*** Opening SUPPLIED DATA ***

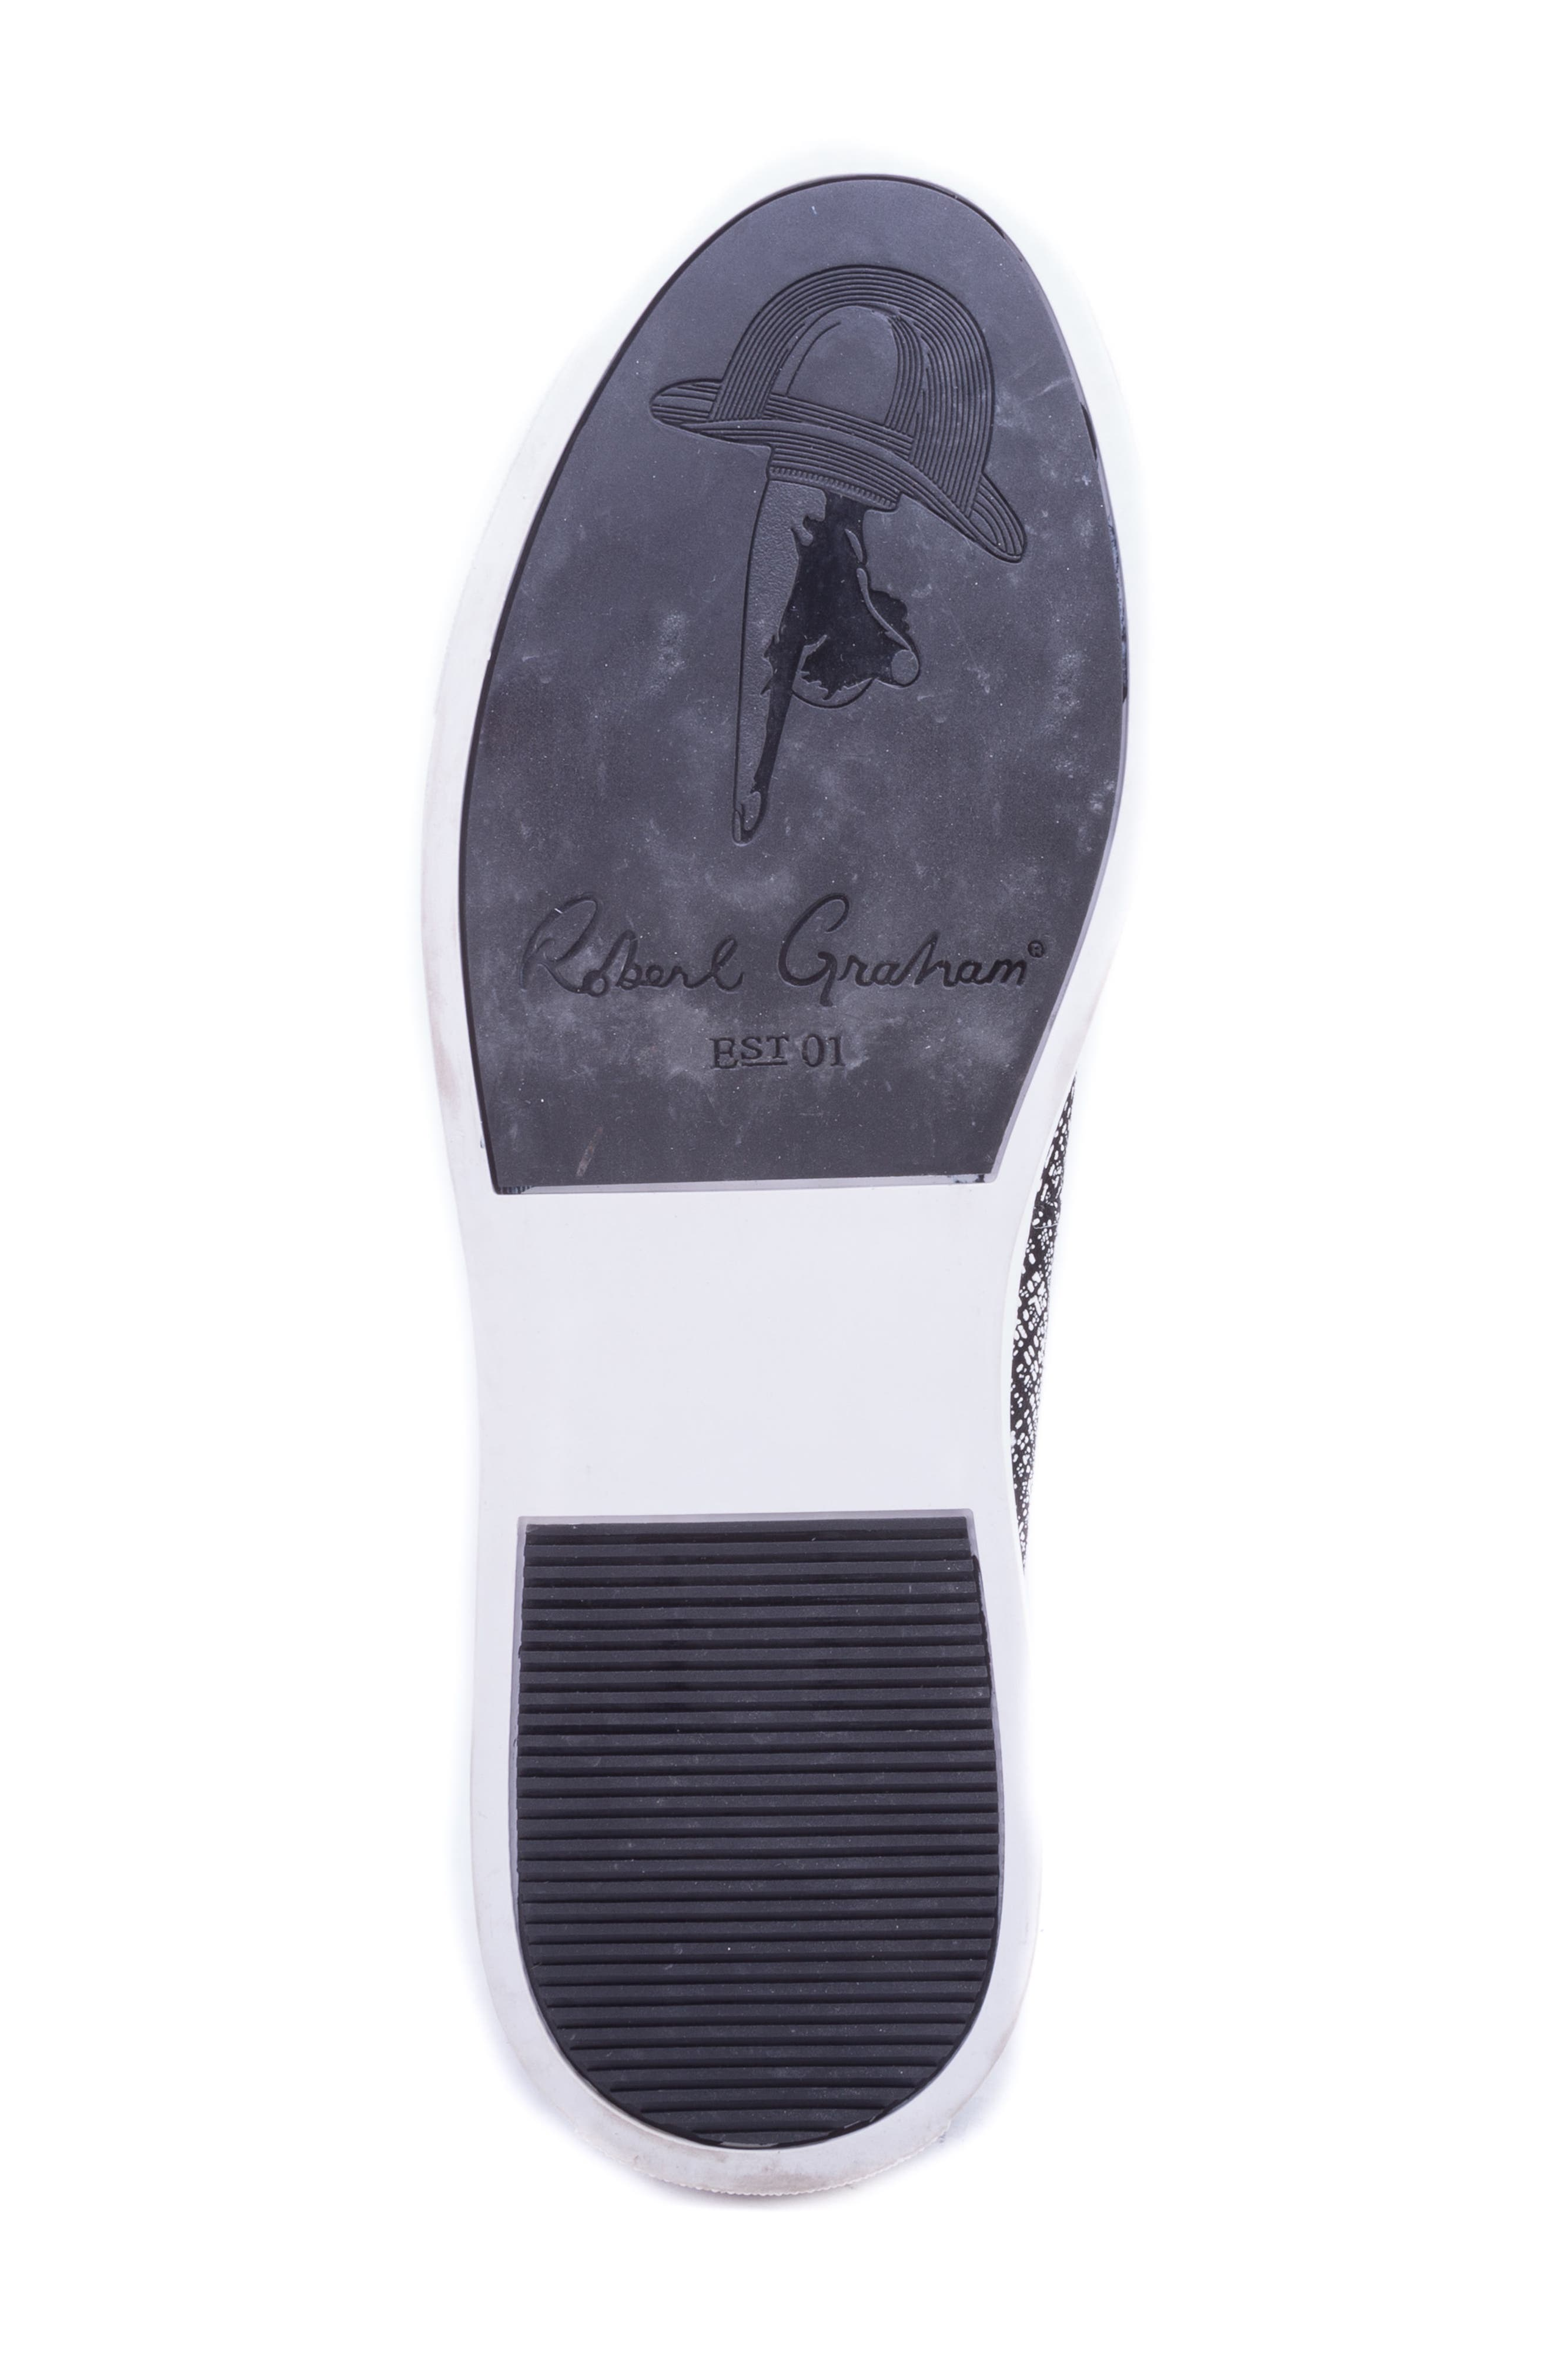 Kitson Slip-On Sneaker,                             Alternate thumbnail 6, color,                             BLACK SUEDE
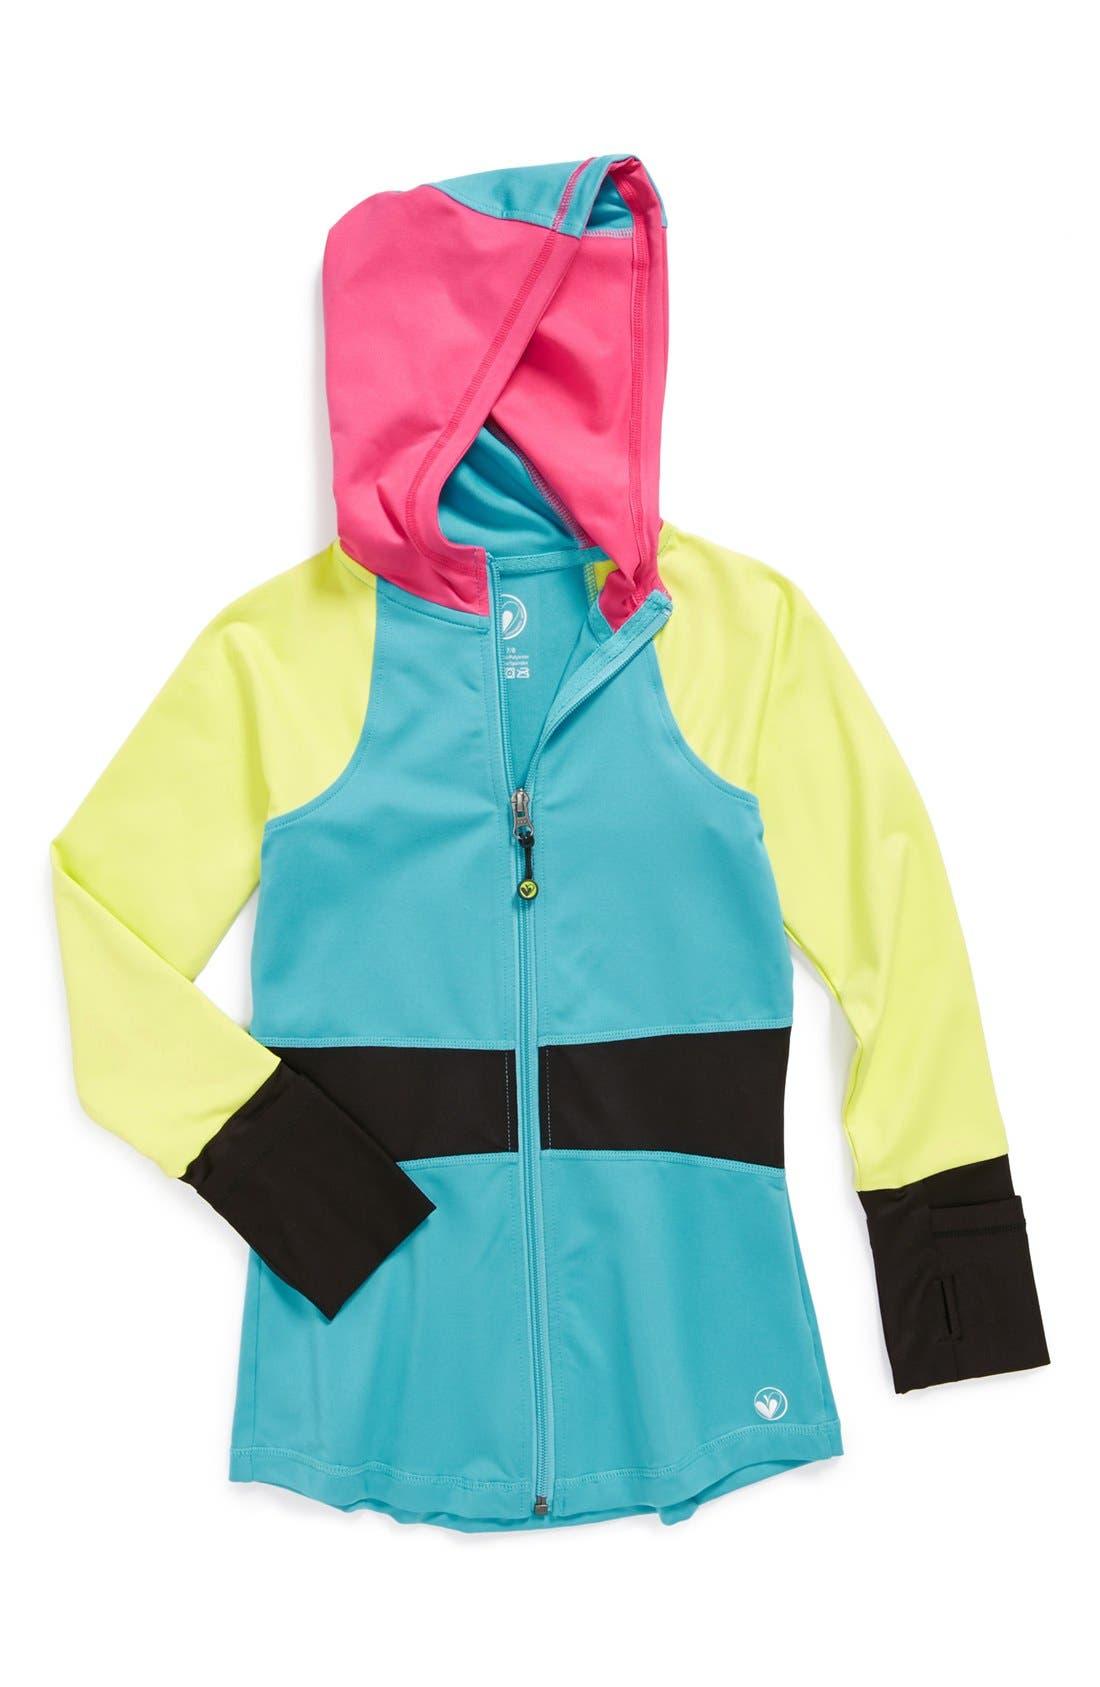 Alternate Image 1 Selected - Limeapple Hooded Jacket (Big Girls)
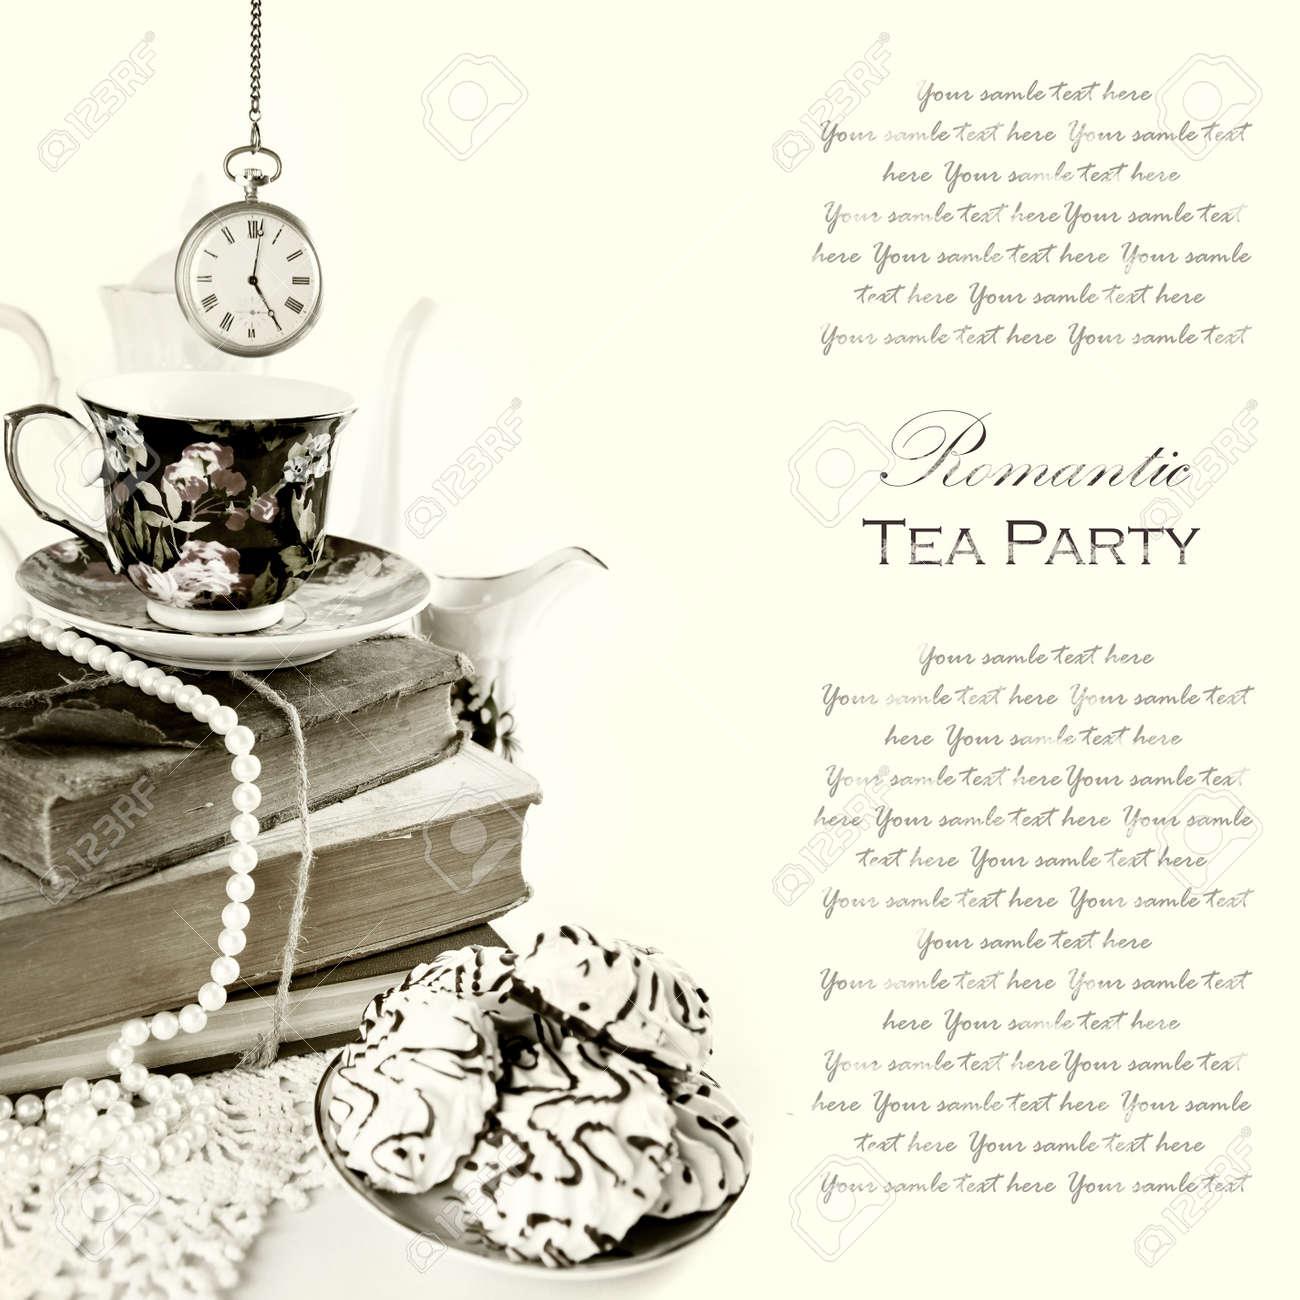 Tea party background royalty free stock photo image 28839215 - Jpg 1300x1300 English Tea Party Background

*** Closing SUPPLIED DATA ***

■ AIM OF THE TASK ■
Only the text of the material belongs in your copy, which must match the original exactly.

■ THE ANSWER ■
 Kitson Slip-On Sneaker,                             Alternate thumbnail 6, color,                             BLACK SUEDE
 Alternate Image 1 Selected - Limeapple Hooded Jacket (Big Girls)
 Tea party background royalty free stock photo image 28839215 - Jpg 1300x1300 English Tea Party Background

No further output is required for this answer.